As R. Scott Moxley observes at the end of his dissection of Dana Parsons' attempt to slap a coat of whitewash on the lazy and error-filled reporting of the Haidl rape case Parsons has filled his L.A. Times column with, the Times has a new slogan for its Orange County advertising: Now More Than Ever. As Scott notes, it's a recycled slogan– Now More Than Ever was the slogan for Richard Nixon's 1972 reelection campaign. “The paper craves conservative readers,” Scott explains. True, but I wonder if that really is the reason for the new slogan.
The powers that be at the Times would have to be awfully stupid to think a little touch of Nixon would endear the paper to those Orange Countians, who are– as Donald Rumsfeld would put it– Nixon loyalists and deadenders.

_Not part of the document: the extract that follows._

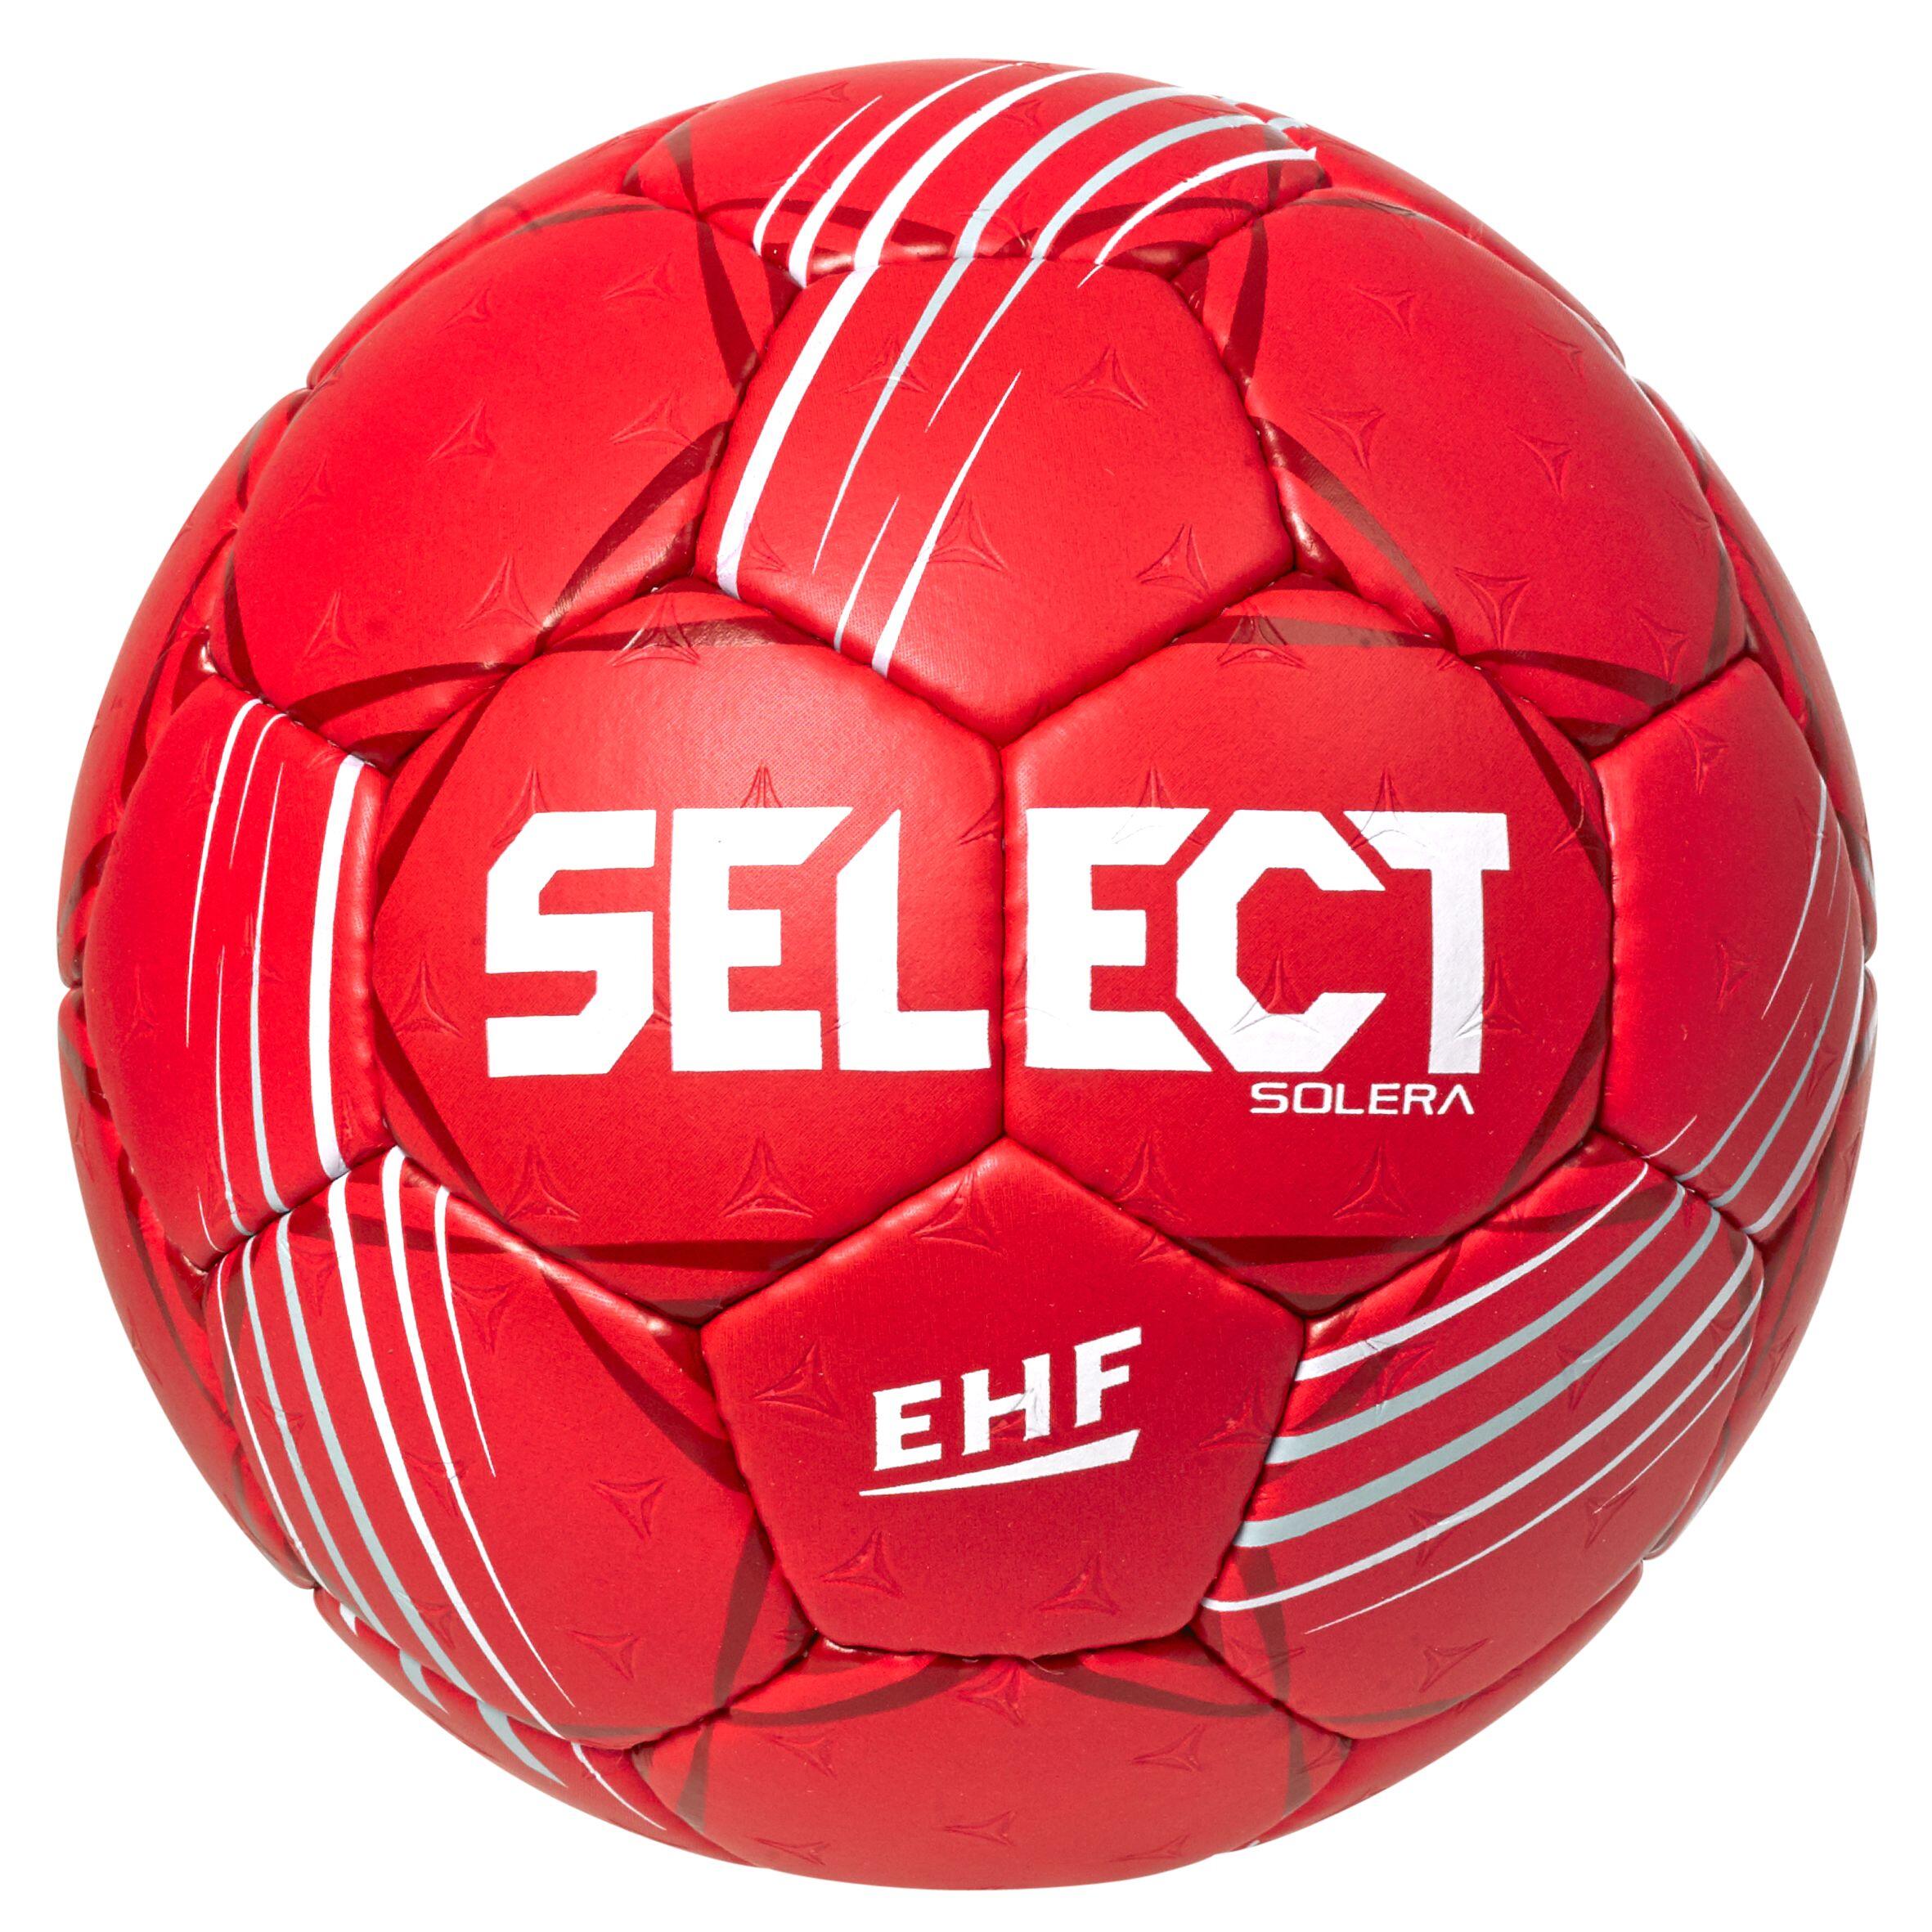 Minge handbal Select Solera Mărimea 2 Roșu

After all, they can get all the news they need from the Register or the radio rantings of the Nixon-worshiping Hugh Hewitt. So, while I would never wish to underestimate the stupidity to be found in the executive suites of the Times, I think it's worthwhile to look for an alternative explanation.

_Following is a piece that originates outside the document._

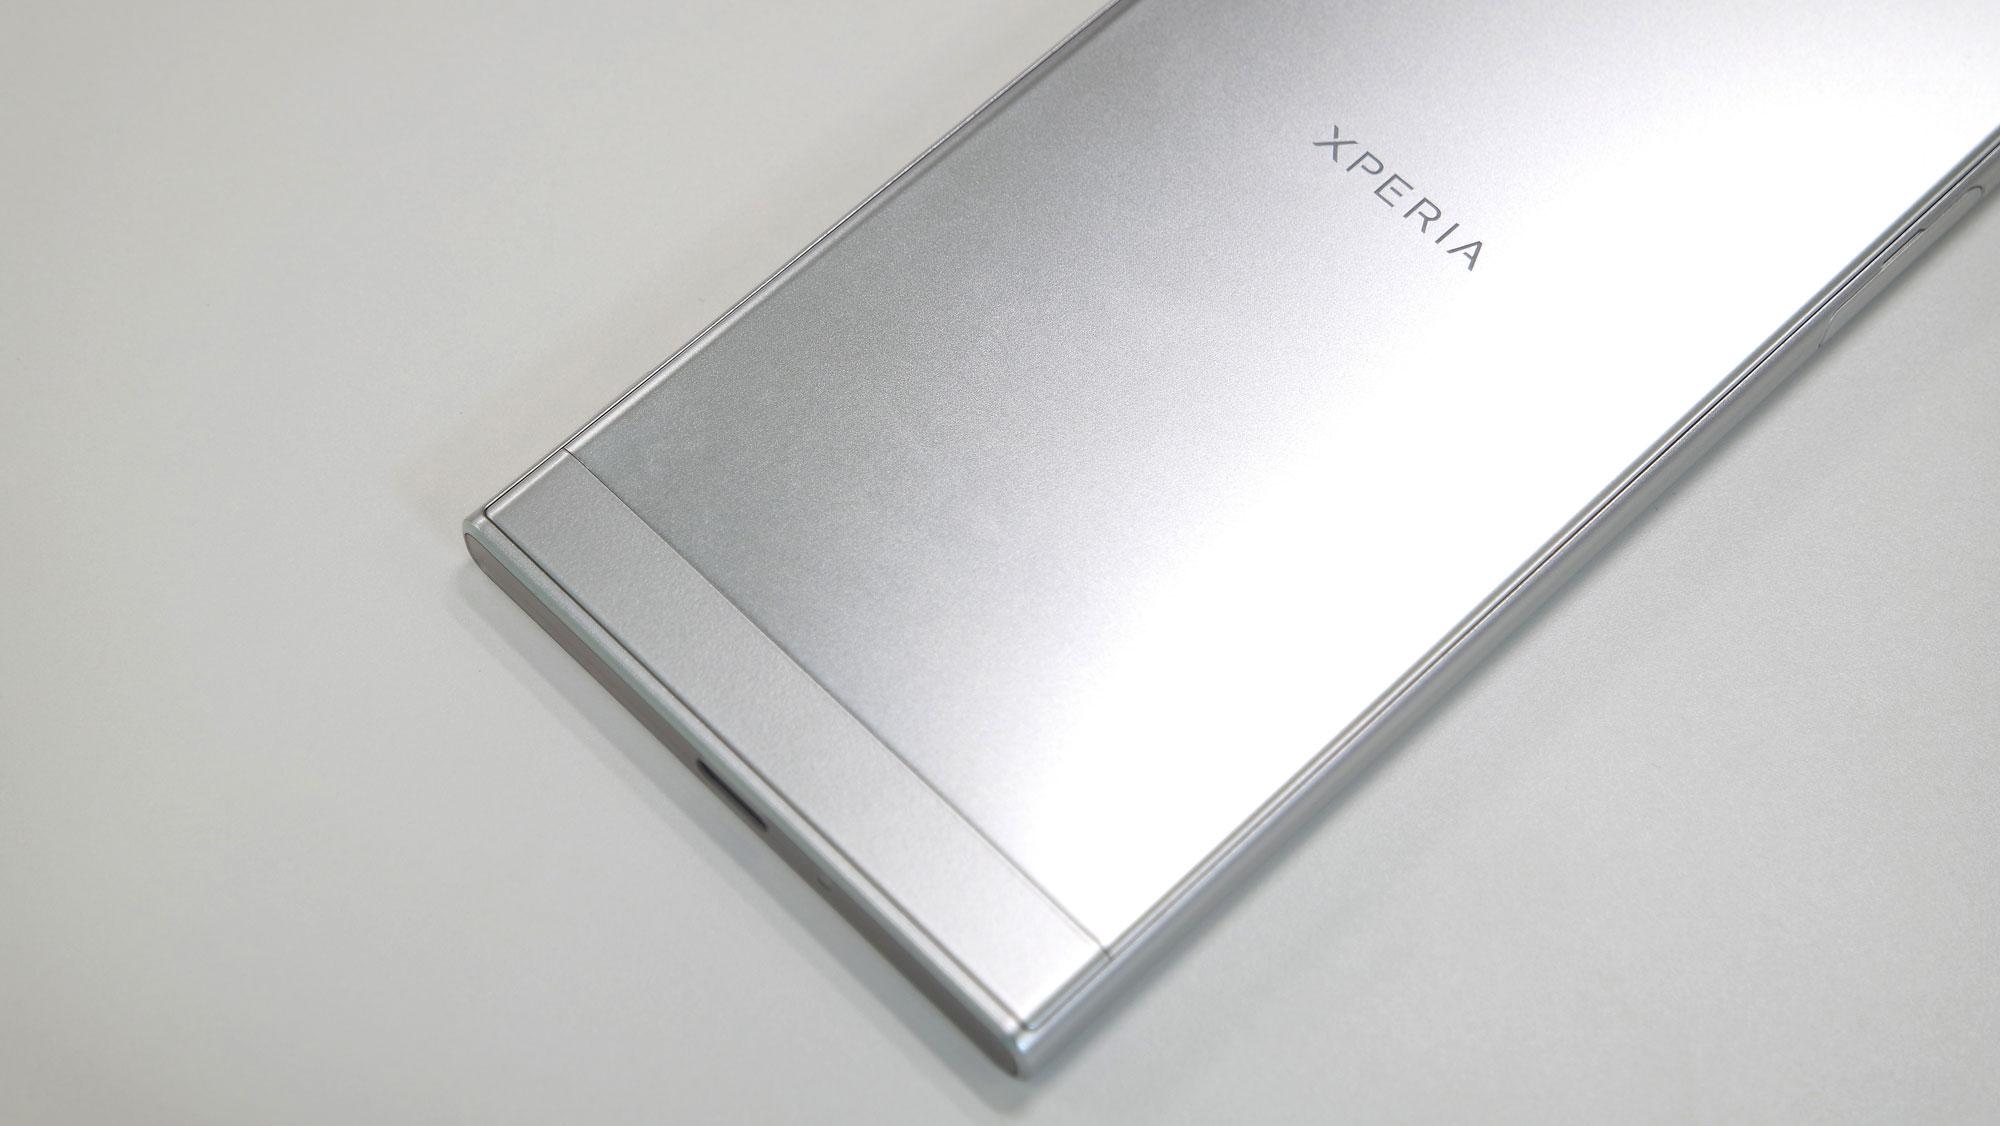 Sony Xperia XZ detalle carcasa trasera

Now More Than Ever goes back much further than the CREEP-y days of '72. Almost as soon as the Nixon campaign trotted out the slogan, journalist Renata Adler pointed out that it's the first half of a very famous line of poetry. The fifth line of the sixth stanza of John Keats' Ode to a Nightingale, a poem practically ever American highschool student is forced to read, is “Now more than ever seems it rich to die”. Given the amount of death, destruction, and general mayhem of the Nixon years, the resonance the line has as an election slogan for the Pride of Yorba Linda™ is obvious. But what resonance can the line have for the Times?

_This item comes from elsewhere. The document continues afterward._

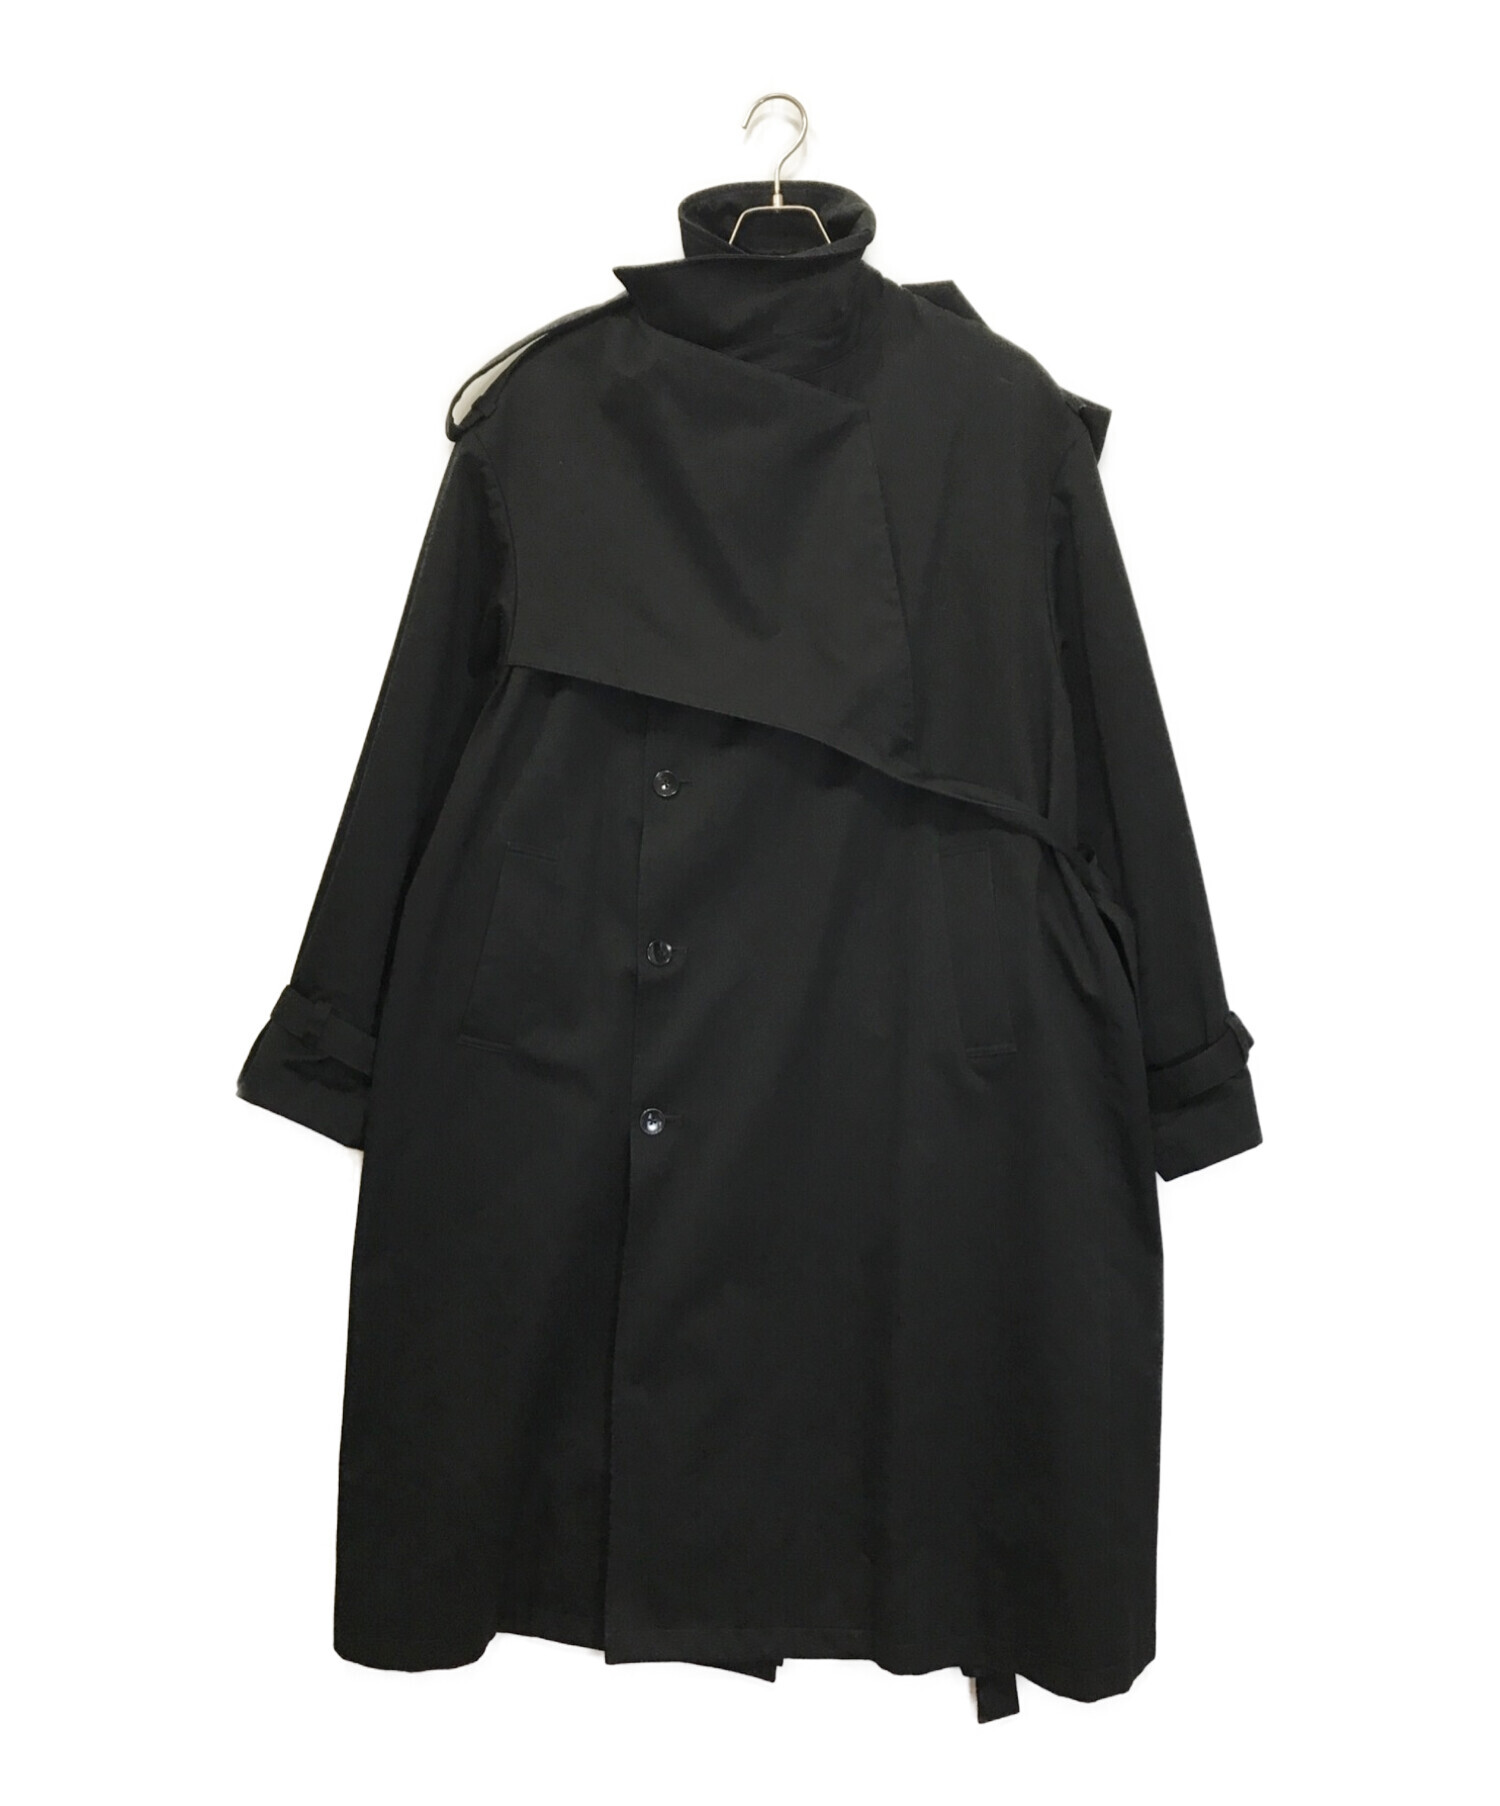 keisuke yoshida (ケイスケヨシダ) belted trench coat ブラック サイズ:F

Perhaps it's a cry for help: “Now more the ever seems it rich to die,/To cease upon the midnight with no pain”. Maybe worry over the paper's declining ad revenue and declining circulation, has reduced the Times to being, at least on a subconscious level, “half in love with easeful Death”, as Keats puts it. If so, the Timesfolk should buck up. The Times is still a useful newspaper. Occasionally, it's even an exciting paper to read, albeit “exciting” in the same way I.F. Stone considered the Washington Post exciting. (The great muckracking journalist I.F. Stone said the Post was an exciting read, “because you never know on what page you would find a page-one story.”) Though for the most part, of course, reading the Times induces, to stick with Keats, “a drowsy numbness”. But even that could be positive– the Times could promote itself as a safe alternative to prescription sleep medicine. “Reading the Times“, the new slogan could read, “as effective as Ambien, but non-habit forming”. It makes as much sense as trying to attract new readers by regurgitating an old bit of Nixonia.